- [ASSIGNED TASK] This exercise calls for the whole listing to be given again exactly, without images.

BEGIN MATERIAL PROVIDED

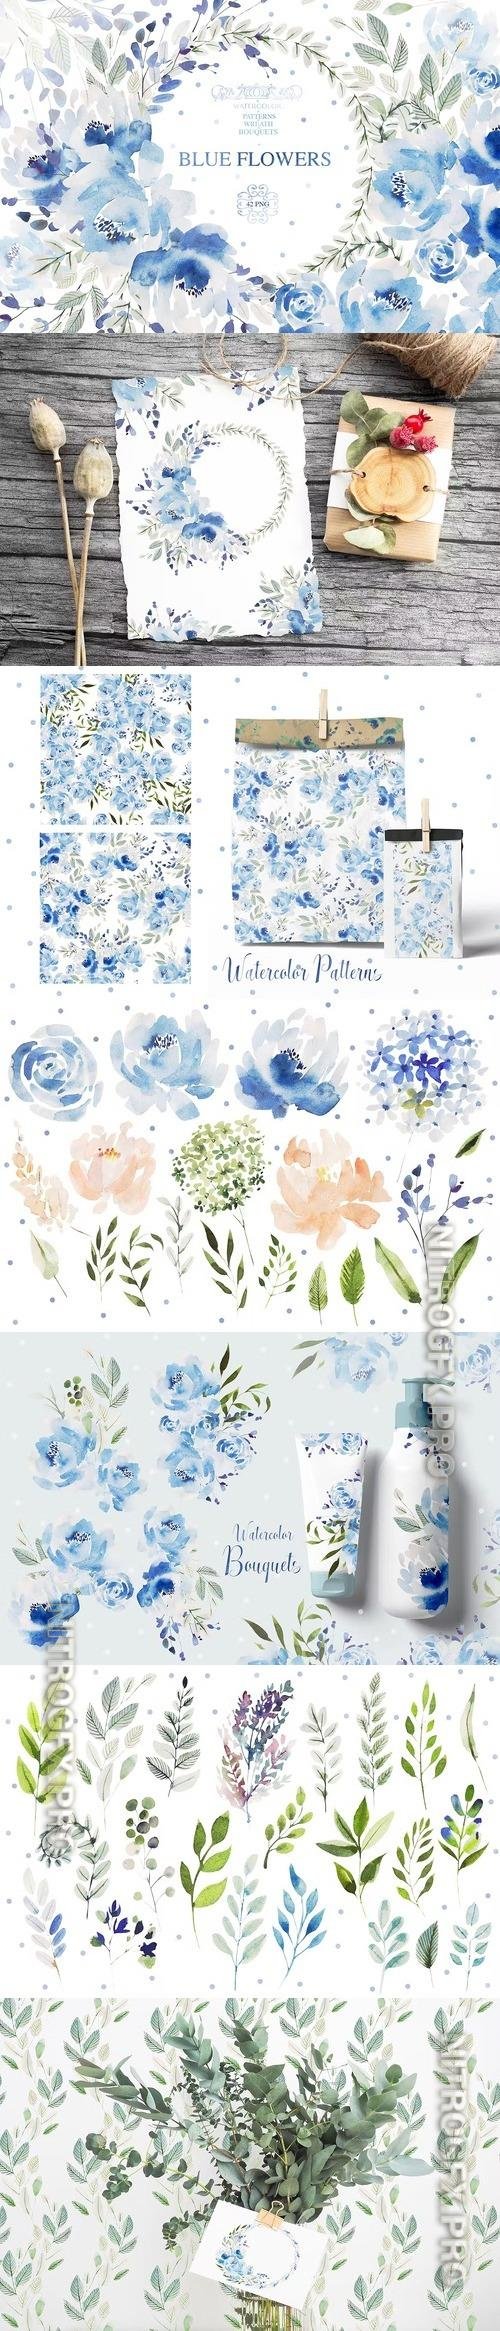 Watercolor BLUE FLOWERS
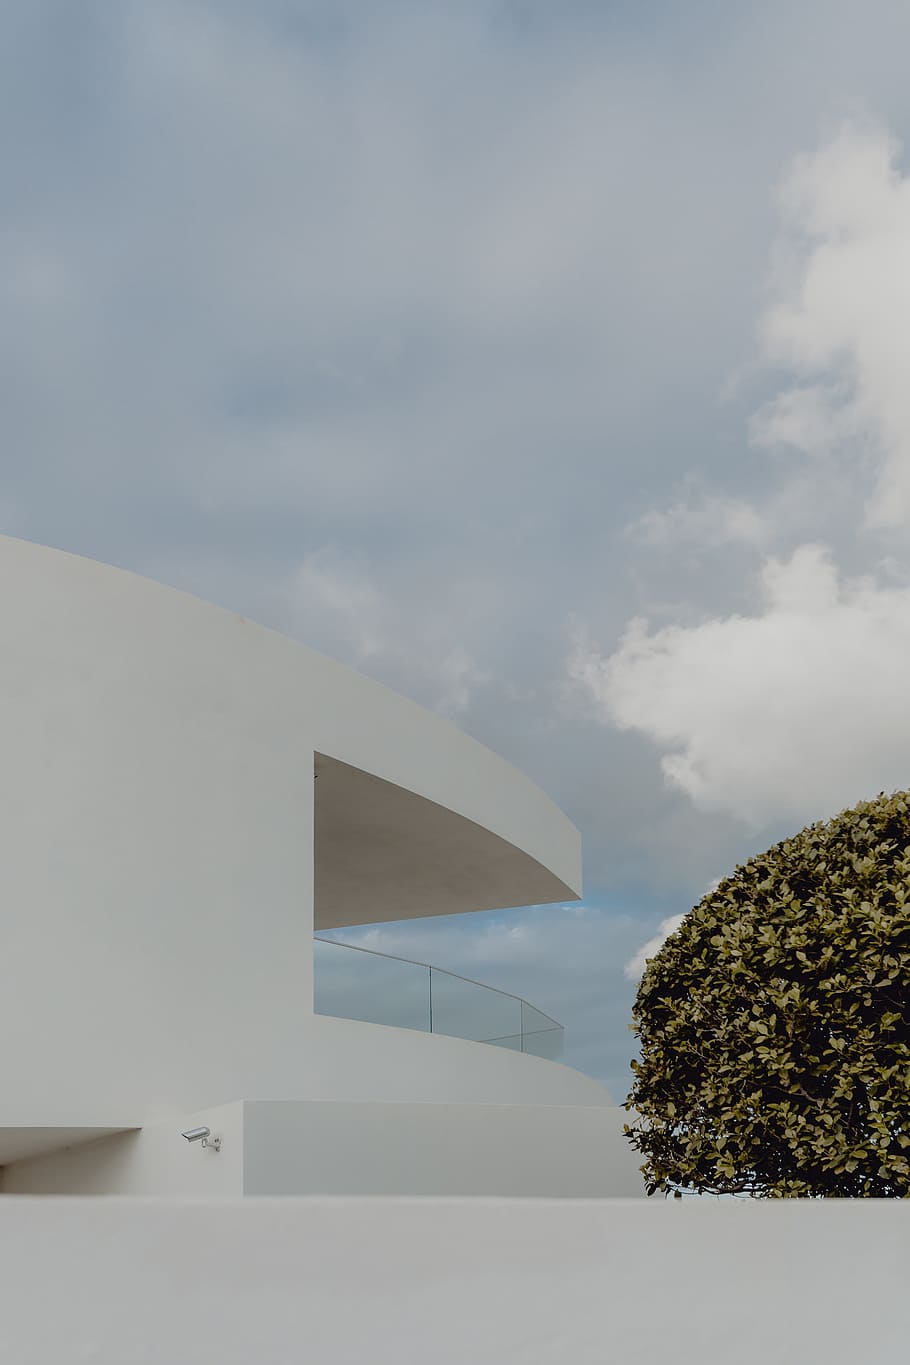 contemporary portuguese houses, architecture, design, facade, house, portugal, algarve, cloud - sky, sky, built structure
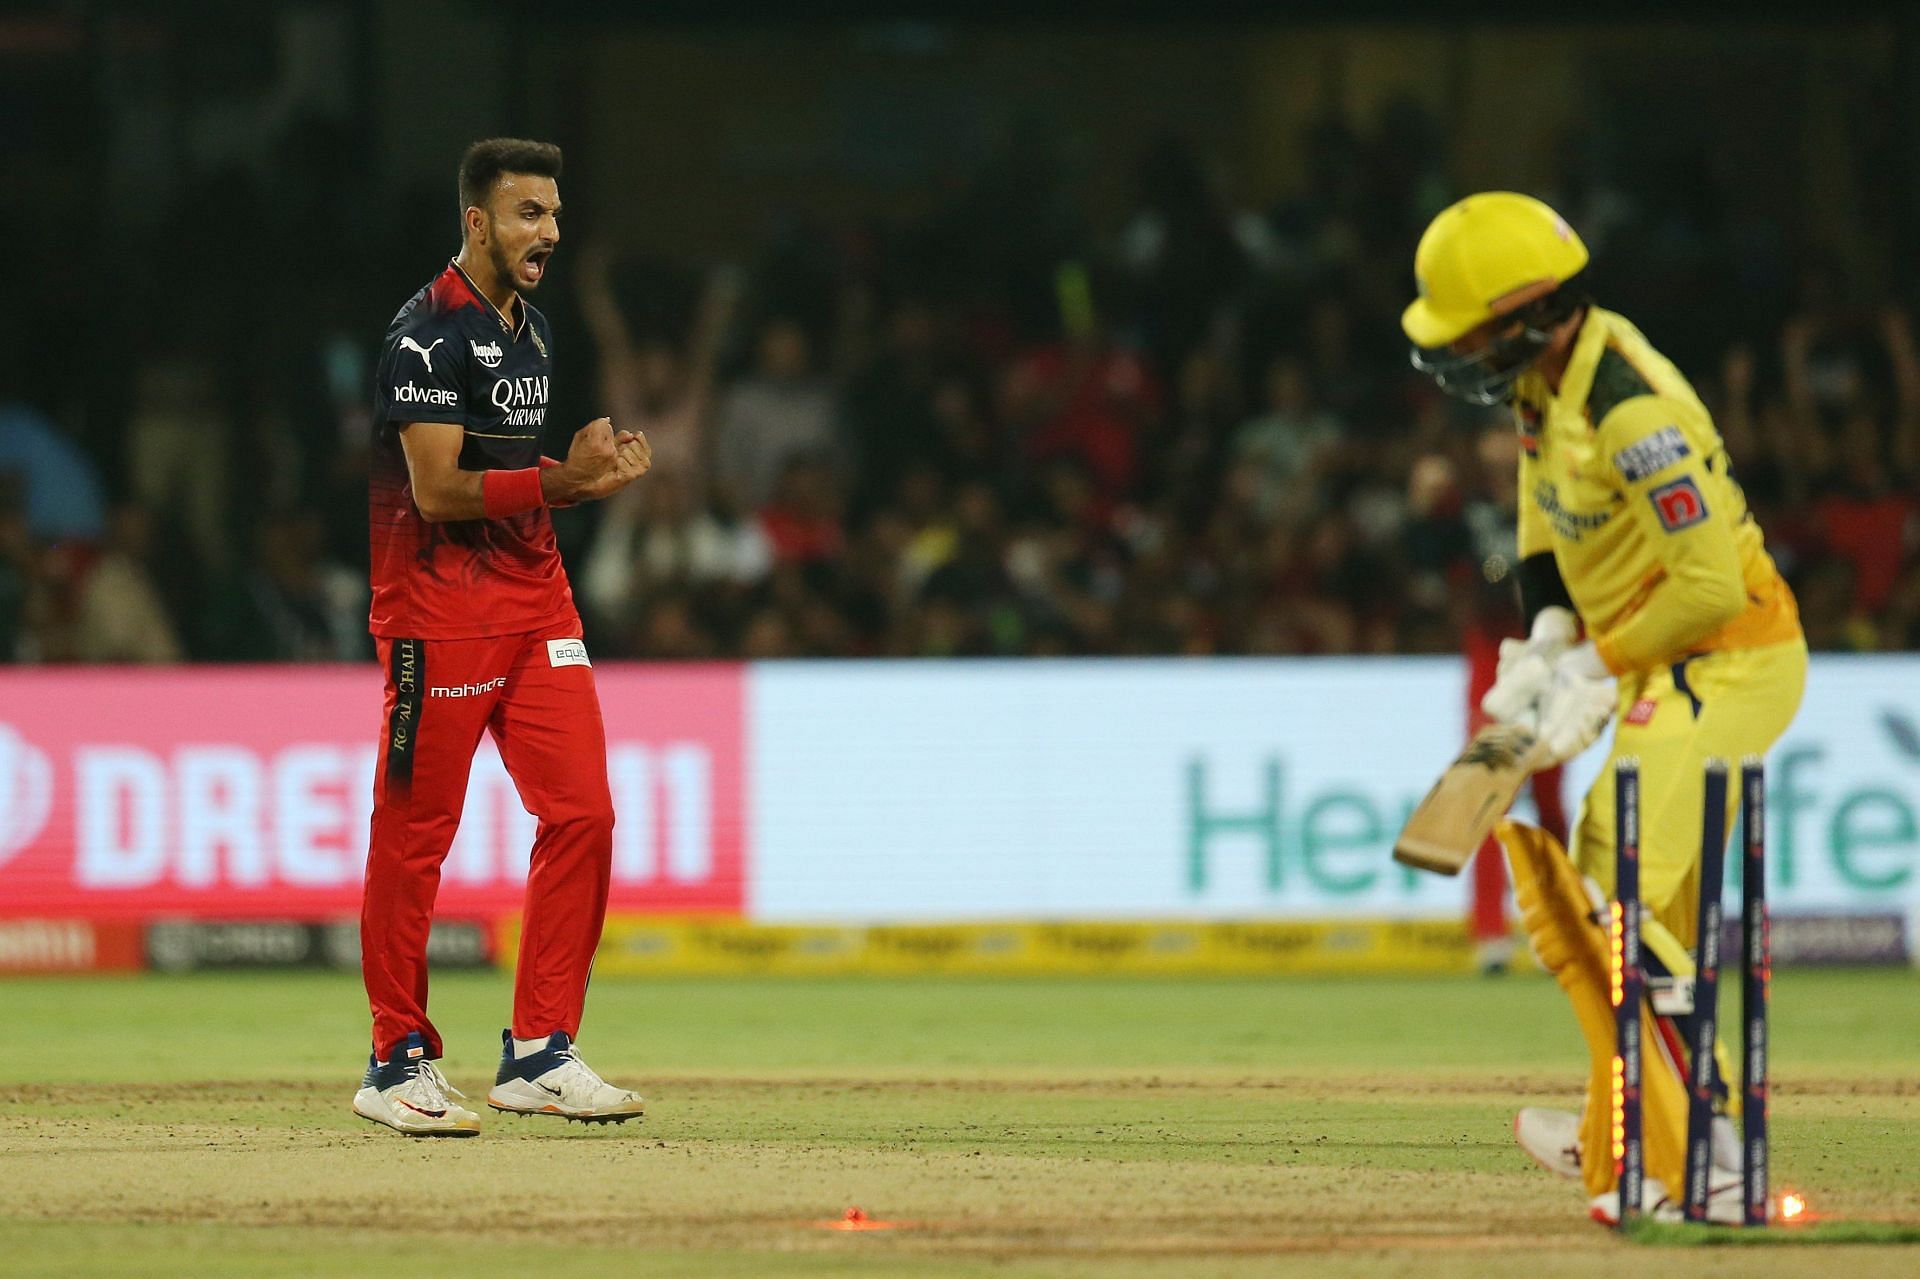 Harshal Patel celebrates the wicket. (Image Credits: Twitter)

END MATERIAL PROVIDED

- [TASK ANSWER]
 Watercolor BLUE FLOWERS
 contemporary portuguese houses, architecture, design, facade, house, portugal, algarve, cloud - sky, sky, built structure
 Harshal Patel celebrates the wicket. (Image Credits: Twitter)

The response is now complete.